[Goal of the exercise] From the listing below, set down exactly the lines between the one holding "Chimica inorganica - gli" and the one holding "忘れられない体細胞外向き携帯", inclusive. No other line is wanted.

START Information

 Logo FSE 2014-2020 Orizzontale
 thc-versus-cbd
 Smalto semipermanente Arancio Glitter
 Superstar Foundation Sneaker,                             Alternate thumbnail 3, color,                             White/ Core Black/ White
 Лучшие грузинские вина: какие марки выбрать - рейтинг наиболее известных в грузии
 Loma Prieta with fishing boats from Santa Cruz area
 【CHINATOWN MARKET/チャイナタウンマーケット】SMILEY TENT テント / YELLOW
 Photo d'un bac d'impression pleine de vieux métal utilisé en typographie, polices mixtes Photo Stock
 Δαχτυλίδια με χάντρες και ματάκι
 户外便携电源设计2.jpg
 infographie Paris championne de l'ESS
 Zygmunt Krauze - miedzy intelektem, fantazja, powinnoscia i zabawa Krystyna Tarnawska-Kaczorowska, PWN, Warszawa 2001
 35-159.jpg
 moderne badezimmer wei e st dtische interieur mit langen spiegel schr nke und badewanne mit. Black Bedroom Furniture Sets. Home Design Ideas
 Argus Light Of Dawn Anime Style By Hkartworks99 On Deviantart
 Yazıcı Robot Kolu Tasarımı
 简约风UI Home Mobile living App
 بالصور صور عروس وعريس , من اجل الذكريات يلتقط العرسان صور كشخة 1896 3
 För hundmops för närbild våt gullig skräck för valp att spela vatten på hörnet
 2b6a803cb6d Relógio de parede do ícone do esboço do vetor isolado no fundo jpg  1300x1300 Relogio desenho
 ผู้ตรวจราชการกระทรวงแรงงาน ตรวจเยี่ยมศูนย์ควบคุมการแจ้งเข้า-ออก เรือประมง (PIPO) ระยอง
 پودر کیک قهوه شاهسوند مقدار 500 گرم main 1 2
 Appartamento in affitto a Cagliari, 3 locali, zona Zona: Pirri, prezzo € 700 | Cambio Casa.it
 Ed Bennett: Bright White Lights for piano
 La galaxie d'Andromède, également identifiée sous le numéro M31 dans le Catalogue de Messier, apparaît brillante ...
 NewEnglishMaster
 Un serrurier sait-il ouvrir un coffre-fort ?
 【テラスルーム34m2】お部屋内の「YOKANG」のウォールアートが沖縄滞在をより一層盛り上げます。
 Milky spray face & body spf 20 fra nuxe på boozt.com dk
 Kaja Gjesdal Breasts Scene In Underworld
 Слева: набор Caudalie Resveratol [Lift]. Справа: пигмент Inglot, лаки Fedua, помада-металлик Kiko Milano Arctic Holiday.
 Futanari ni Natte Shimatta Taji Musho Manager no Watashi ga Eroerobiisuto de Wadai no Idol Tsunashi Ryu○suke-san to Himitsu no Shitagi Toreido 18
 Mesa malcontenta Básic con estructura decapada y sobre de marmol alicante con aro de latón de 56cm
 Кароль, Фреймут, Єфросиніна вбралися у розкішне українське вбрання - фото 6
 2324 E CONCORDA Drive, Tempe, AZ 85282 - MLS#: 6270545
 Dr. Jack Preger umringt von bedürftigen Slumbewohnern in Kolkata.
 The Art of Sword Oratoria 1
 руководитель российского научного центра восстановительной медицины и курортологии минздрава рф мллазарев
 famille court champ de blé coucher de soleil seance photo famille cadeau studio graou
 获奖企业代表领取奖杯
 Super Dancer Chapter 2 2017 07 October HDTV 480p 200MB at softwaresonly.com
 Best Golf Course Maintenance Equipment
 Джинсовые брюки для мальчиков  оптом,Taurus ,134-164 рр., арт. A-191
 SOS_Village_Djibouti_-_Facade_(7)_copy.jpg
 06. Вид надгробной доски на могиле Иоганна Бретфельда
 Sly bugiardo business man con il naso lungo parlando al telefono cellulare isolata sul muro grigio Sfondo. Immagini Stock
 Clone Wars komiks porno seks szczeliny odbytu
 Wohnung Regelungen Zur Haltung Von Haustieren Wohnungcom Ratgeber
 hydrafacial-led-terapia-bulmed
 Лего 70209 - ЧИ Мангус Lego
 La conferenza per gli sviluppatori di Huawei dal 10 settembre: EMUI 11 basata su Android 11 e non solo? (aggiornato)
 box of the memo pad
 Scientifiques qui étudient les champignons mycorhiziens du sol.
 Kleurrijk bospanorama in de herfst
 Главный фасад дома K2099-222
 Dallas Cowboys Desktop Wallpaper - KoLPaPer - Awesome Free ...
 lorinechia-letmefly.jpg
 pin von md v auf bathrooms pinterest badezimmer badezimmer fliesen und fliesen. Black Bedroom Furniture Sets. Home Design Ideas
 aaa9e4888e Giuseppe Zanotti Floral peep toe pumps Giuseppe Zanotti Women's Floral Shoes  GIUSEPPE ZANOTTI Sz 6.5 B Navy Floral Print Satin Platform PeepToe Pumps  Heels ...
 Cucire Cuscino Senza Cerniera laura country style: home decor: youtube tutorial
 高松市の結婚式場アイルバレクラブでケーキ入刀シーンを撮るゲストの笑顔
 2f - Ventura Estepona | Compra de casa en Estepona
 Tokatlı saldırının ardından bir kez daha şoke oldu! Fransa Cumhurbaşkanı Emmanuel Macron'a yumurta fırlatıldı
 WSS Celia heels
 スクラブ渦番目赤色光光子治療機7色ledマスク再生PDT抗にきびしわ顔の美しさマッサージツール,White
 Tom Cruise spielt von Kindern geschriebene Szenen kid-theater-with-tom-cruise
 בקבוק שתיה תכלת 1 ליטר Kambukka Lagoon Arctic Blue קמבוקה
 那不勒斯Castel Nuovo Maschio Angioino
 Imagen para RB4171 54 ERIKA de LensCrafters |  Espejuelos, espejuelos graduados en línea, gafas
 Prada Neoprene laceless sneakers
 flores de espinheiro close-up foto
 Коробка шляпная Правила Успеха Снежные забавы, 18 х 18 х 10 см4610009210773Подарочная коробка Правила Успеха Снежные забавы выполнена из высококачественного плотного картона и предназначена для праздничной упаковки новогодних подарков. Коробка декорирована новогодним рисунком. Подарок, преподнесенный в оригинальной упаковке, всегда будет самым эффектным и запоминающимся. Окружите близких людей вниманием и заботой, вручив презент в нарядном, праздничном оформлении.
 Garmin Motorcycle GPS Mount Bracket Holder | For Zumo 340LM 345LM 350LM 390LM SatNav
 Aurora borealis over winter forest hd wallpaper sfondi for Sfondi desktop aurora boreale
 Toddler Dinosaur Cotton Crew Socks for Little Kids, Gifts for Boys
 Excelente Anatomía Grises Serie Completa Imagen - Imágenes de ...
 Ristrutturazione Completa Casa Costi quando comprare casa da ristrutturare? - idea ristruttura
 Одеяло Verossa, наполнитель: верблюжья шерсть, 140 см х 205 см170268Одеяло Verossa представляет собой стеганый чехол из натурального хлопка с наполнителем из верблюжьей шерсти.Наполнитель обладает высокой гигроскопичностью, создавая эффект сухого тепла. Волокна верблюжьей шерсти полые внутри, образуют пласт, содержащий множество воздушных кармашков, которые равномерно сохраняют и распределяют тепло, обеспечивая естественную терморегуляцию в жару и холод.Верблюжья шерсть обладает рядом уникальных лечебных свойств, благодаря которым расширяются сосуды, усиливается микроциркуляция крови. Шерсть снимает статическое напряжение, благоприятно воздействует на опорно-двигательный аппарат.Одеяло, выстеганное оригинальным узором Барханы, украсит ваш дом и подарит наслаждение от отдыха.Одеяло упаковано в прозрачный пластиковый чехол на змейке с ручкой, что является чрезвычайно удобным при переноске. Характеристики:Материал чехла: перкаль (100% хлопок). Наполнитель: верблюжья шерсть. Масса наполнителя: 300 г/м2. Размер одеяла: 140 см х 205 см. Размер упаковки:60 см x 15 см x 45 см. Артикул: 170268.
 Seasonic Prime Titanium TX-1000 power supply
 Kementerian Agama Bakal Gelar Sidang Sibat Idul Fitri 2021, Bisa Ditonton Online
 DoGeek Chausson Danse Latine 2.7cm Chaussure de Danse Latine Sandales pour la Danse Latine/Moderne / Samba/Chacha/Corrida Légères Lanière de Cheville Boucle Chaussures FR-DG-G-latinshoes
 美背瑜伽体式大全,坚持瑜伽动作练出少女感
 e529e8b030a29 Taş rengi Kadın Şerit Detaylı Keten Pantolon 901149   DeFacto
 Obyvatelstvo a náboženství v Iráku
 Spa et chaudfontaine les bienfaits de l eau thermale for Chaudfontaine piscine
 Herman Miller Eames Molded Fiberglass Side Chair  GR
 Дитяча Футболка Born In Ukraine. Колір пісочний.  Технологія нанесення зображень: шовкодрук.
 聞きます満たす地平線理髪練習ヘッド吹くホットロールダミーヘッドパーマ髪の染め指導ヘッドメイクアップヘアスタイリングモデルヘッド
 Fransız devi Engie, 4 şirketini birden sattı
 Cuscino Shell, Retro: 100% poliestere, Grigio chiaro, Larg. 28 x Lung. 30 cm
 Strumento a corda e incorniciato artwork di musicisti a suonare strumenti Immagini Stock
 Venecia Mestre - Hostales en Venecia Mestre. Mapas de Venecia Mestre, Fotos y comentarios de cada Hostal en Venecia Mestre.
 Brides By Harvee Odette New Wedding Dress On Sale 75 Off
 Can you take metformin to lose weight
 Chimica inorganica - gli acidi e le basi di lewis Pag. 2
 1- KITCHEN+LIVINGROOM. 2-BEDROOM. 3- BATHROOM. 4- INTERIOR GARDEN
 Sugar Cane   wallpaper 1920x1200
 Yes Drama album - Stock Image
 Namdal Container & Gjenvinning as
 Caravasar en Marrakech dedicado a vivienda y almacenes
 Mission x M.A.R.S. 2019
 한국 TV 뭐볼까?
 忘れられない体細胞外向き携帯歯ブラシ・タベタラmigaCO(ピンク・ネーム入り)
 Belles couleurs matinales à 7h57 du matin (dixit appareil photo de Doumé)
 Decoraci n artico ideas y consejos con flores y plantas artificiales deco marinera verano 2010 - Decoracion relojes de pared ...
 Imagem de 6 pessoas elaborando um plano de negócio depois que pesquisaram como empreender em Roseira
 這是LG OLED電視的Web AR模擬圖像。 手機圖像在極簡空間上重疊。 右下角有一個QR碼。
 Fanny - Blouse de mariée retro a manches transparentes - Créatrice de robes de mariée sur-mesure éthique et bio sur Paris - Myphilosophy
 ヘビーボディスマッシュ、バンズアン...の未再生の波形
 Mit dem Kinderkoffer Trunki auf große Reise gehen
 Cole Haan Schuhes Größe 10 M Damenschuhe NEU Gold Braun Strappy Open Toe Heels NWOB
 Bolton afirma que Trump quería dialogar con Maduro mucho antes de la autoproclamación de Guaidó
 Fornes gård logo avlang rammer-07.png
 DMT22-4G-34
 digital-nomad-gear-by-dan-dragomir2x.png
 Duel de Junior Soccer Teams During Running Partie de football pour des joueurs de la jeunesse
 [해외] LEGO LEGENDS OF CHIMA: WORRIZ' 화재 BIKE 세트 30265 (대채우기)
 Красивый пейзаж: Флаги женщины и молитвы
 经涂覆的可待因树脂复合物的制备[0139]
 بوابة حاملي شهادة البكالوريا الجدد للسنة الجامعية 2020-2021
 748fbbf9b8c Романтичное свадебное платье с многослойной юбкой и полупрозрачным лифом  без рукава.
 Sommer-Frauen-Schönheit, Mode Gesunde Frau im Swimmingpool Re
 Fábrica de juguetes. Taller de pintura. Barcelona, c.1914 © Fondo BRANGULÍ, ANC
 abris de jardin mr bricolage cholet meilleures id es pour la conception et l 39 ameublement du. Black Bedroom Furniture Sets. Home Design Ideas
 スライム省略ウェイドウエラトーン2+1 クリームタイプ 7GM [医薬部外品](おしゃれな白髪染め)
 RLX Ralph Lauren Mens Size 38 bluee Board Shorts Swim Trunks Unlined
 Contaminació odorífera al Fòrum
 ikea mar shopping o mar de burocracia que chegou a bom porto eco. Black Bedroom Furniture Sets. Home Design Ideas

END Information

[Task answer]
 Chimica inorganica - gli acidi e le basi di lewis Pag. 2
 1- KITCHEN+LIVINGROOM. 2-BEDROOM. 3- BATHROOM. 4- INTERIOR GARDEN
 Sugar Cane   wallpaper 1920x1200
 Yes Drama album - Stock Image
 Namdal Container & Gjenvinning as
 Caravasar en Marrakech dedicado a vivienda y almacenes
 Mission x M.A.R.S. 2019
 한국 TV 뭐볼까?
 忘れられない体細胞外向き携帯歯ブラシ・タベタラmigaCO(ピンク・ネーム入り)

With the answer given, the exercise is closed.